@birgizemlikisi
|
Daha mutlu olamam. Evet daha mutlu olamazdım ama daha üzgün olabilirdim. Çok sevilmiş olabilirim. Ama çok yıkılmışda olabilirim.
Bu aralar çok yorgundum. Ama bu bedensel bir yorgunluk değildi. Ruhen bir yorgunluktu. Bir bina çökmüştü üzerime ve ben onun altında kalmıştım. O bina da umutlarımdı. Üzgündüm. Kırgındım. Yıkıktım. Yıkılmıştım. Hüzünlüydüm. Yalnızdım. Boştum. İçimde hiç bir duyguya yer yoktu. Ne aşk ne sevgi. Dermişim. Ama vardı. Evet Akın'dan vaz geçmem benim için zor olmuştu. Hatta en zoruydu. Ama en sonunda vaz geçebilmiştim. Şimdi ise karşıma tekrardan 5 yıl sonra çıkmıştı. Ne düşüneceğimi ne yapacağımı bilmiyordum. Çünkü ben başka birini seviyordum. Yalan yok. Onu ilk Menekşe sokağındaki kafede gördüğümde yakışıklı bulmuştum. Şimdi ise bana, beni sevdiğini söylüyordu.
Nasıl bir denklemdi. İçinden çıkılmıyordu. Sahil kenarında yürüyordum. Üzgündüm. En çok da kendime kırgındım. Elimde Akın'ın günlüğü vardı. Elim çok ağırdı. Günlük çok ağırdı. Rüyaysa bu gerçekten artık uyanmak istiyorum. Mutluluk bile acı veriyor. Çünkü sonu var biliyorum. Çünkü bir daha bu kadar mutlu olamayacağımı biliyorum. .....

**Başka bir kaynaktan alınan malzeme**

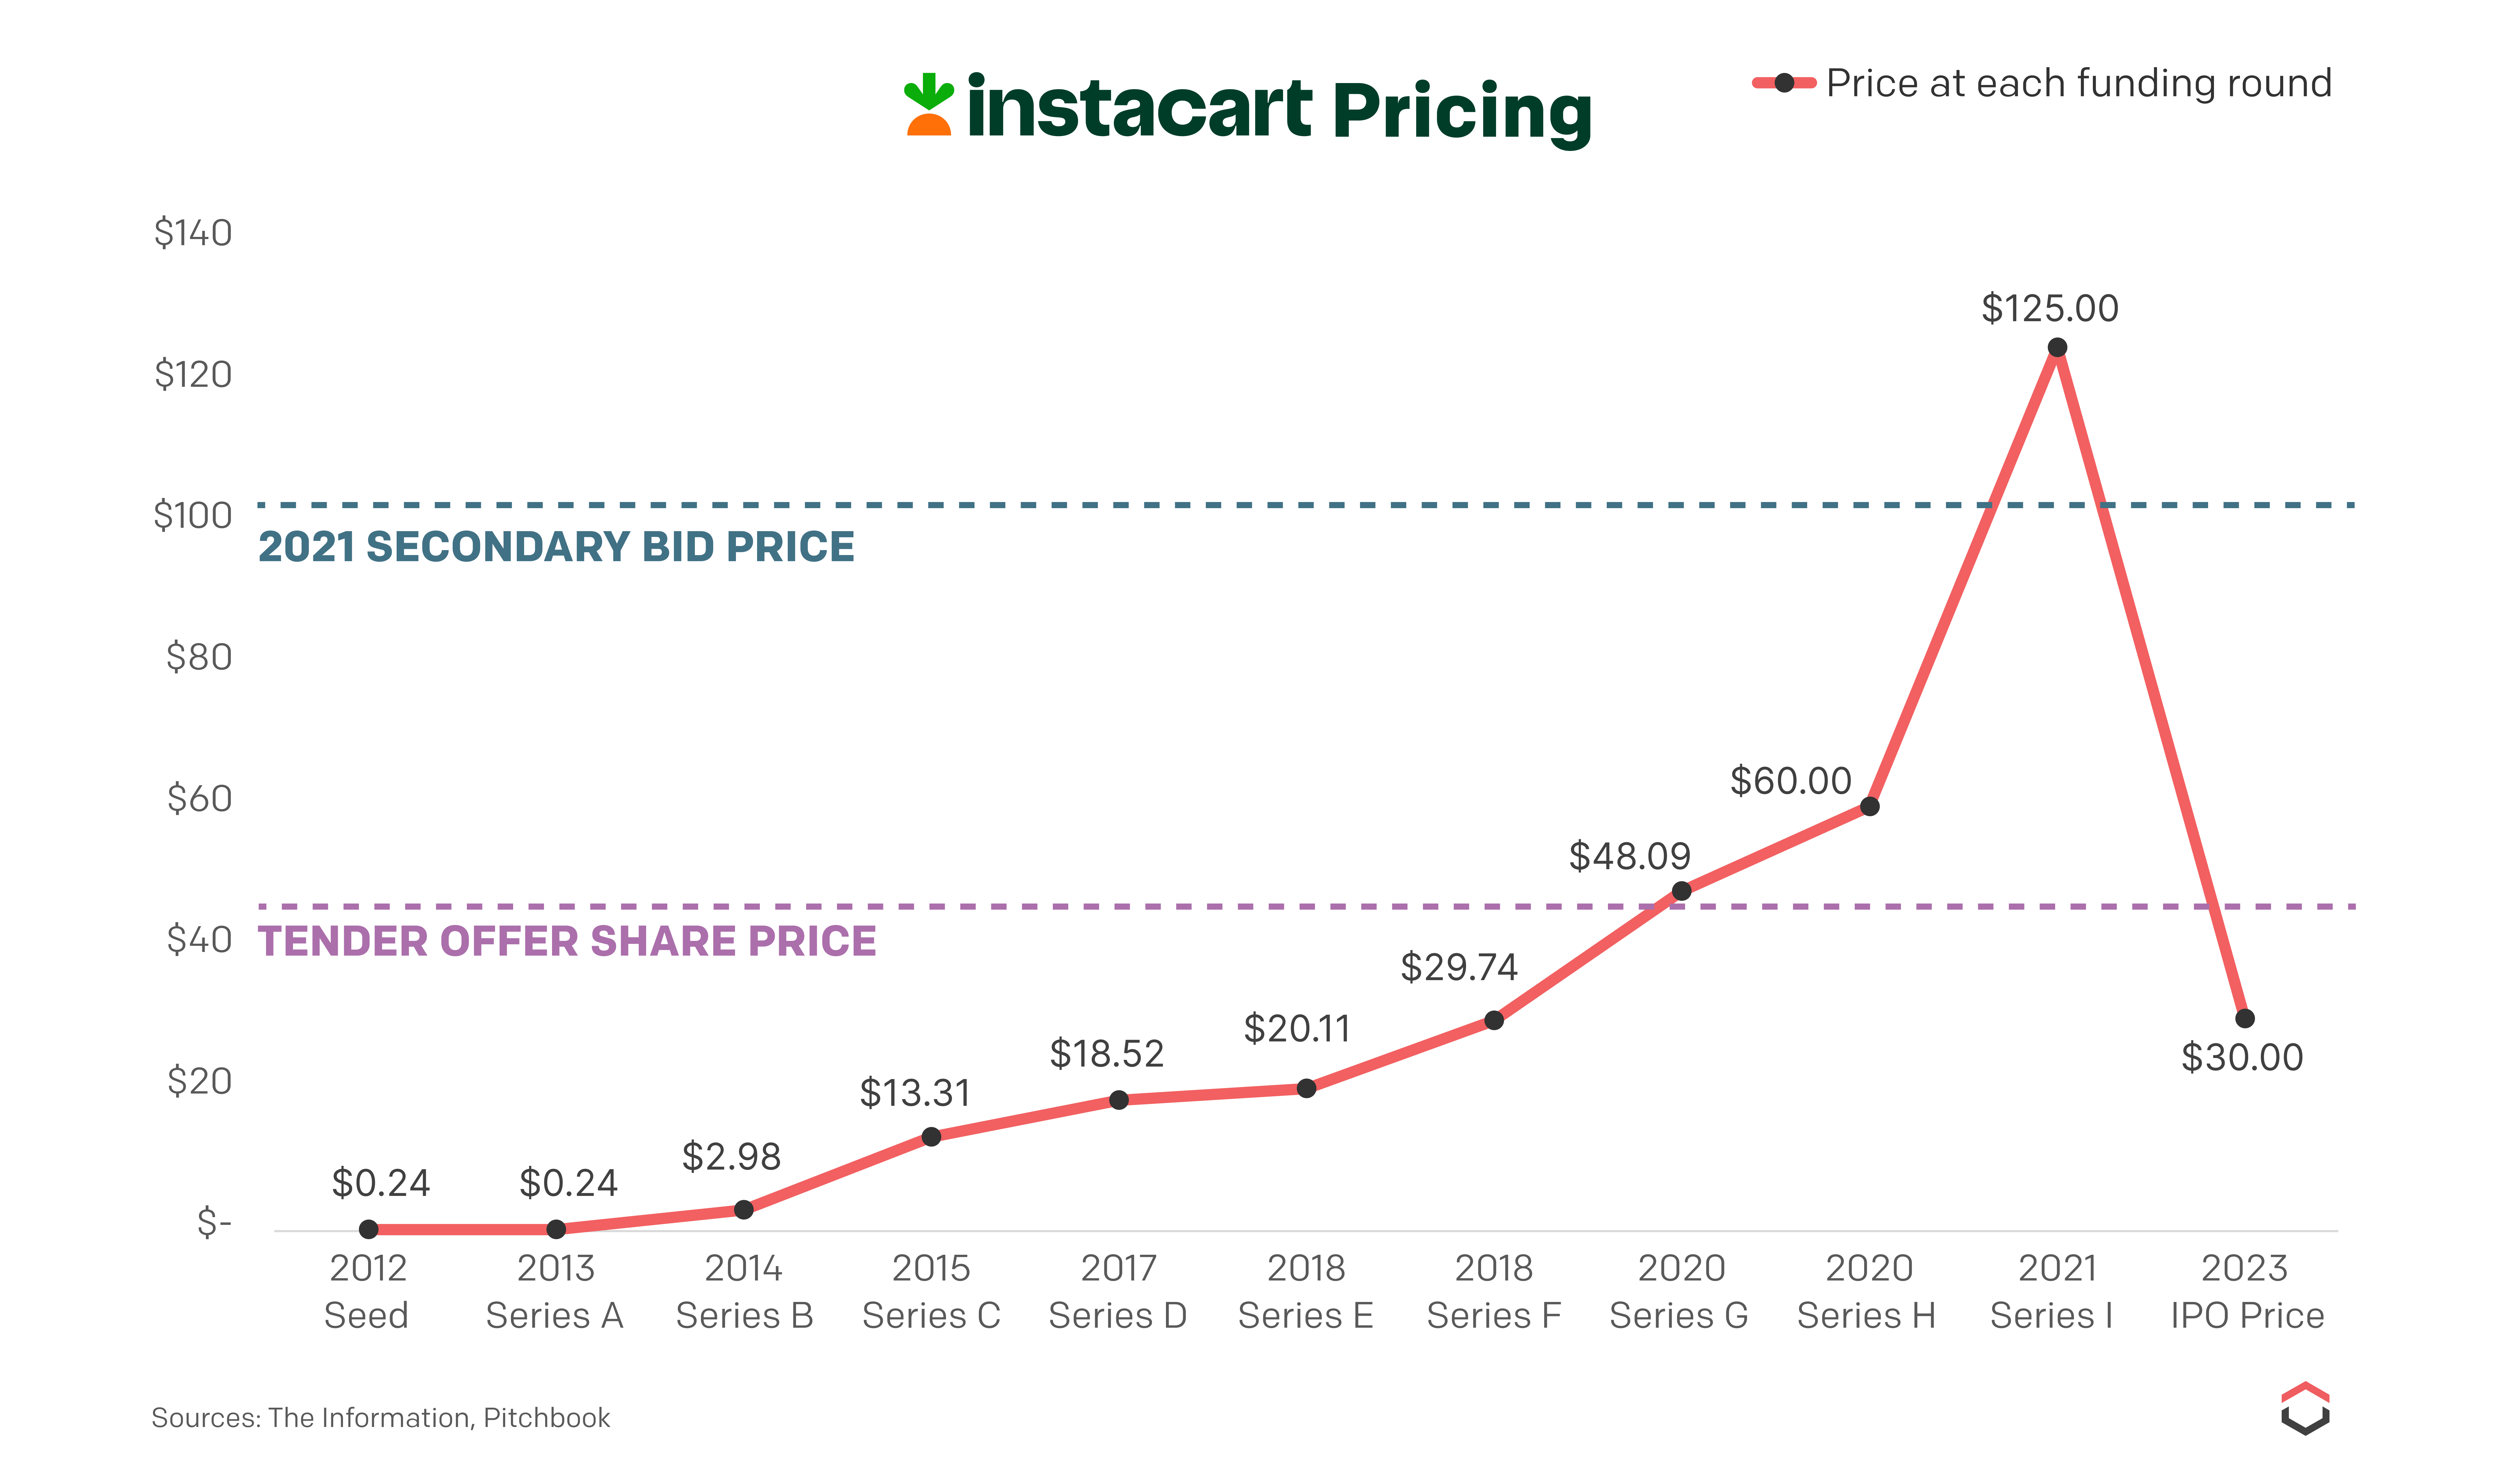 Instacart Pricing Chart on secondary bid versus tender offer share price
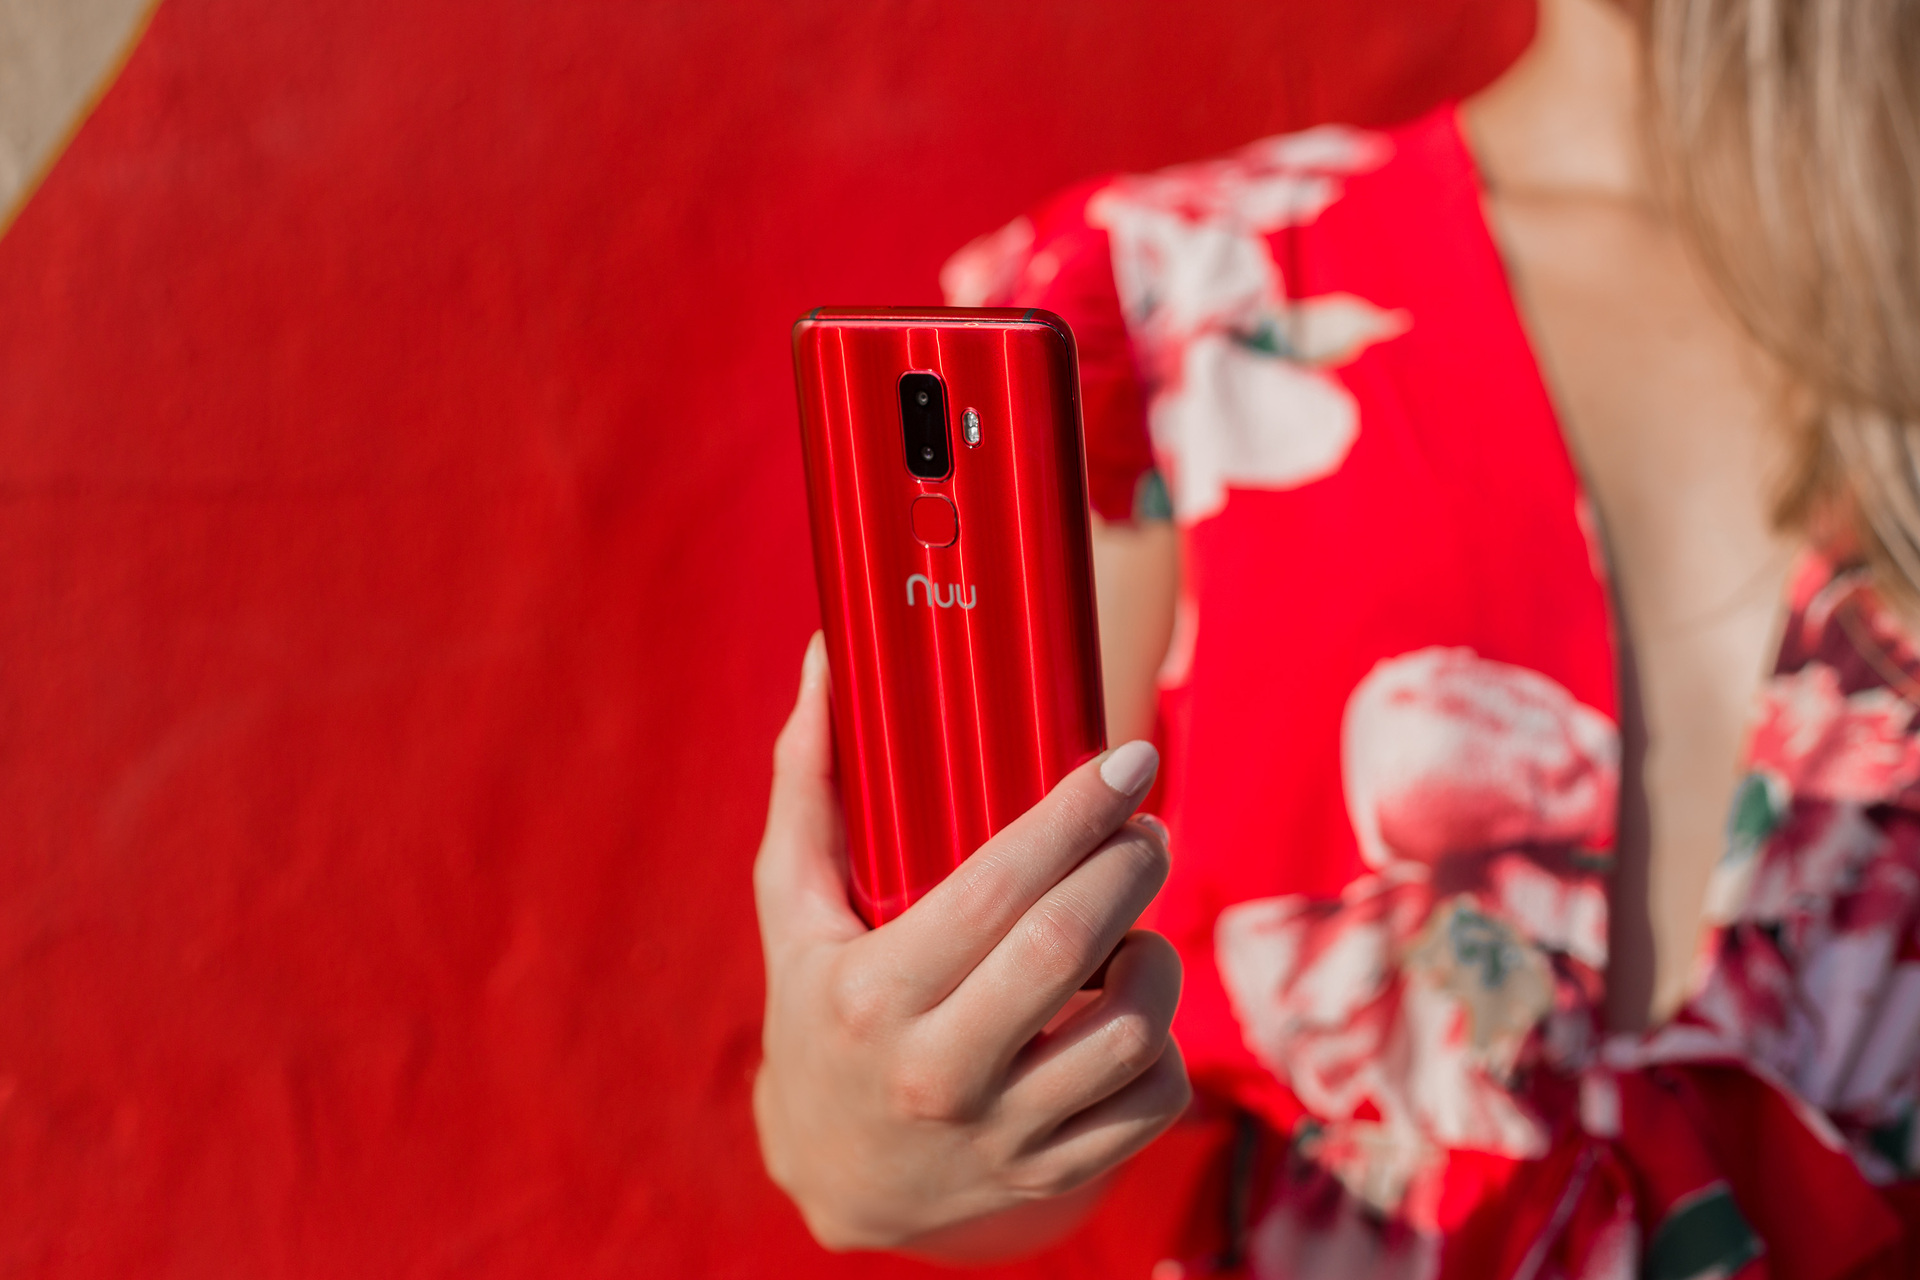 NUU G3 in red

Sahilde uçurumun kenarında bir yere oturmuştum. Saçlarım rüzgarla beraber savruluyordu. Gözpınarlarım gözyaşlarım yüzünden ıpıslaktı. Yine ağlıyordum. Ağlamaktan başka bir b*k bildiğim yoktu. Günlüğün yanımda sayfaları uçuşuyordu. Elime aldım. Son kez sayfalarını çevirdim. Yeni bir hikaye yazmalıydım kendime. Son sayfayı açtım günlükteki. Elime bir dal aldım. Kazıya kazıya 'Hikaye Bitti yada bu kadardı.' Yazdım. Ve uçurumdan denize fırlattım.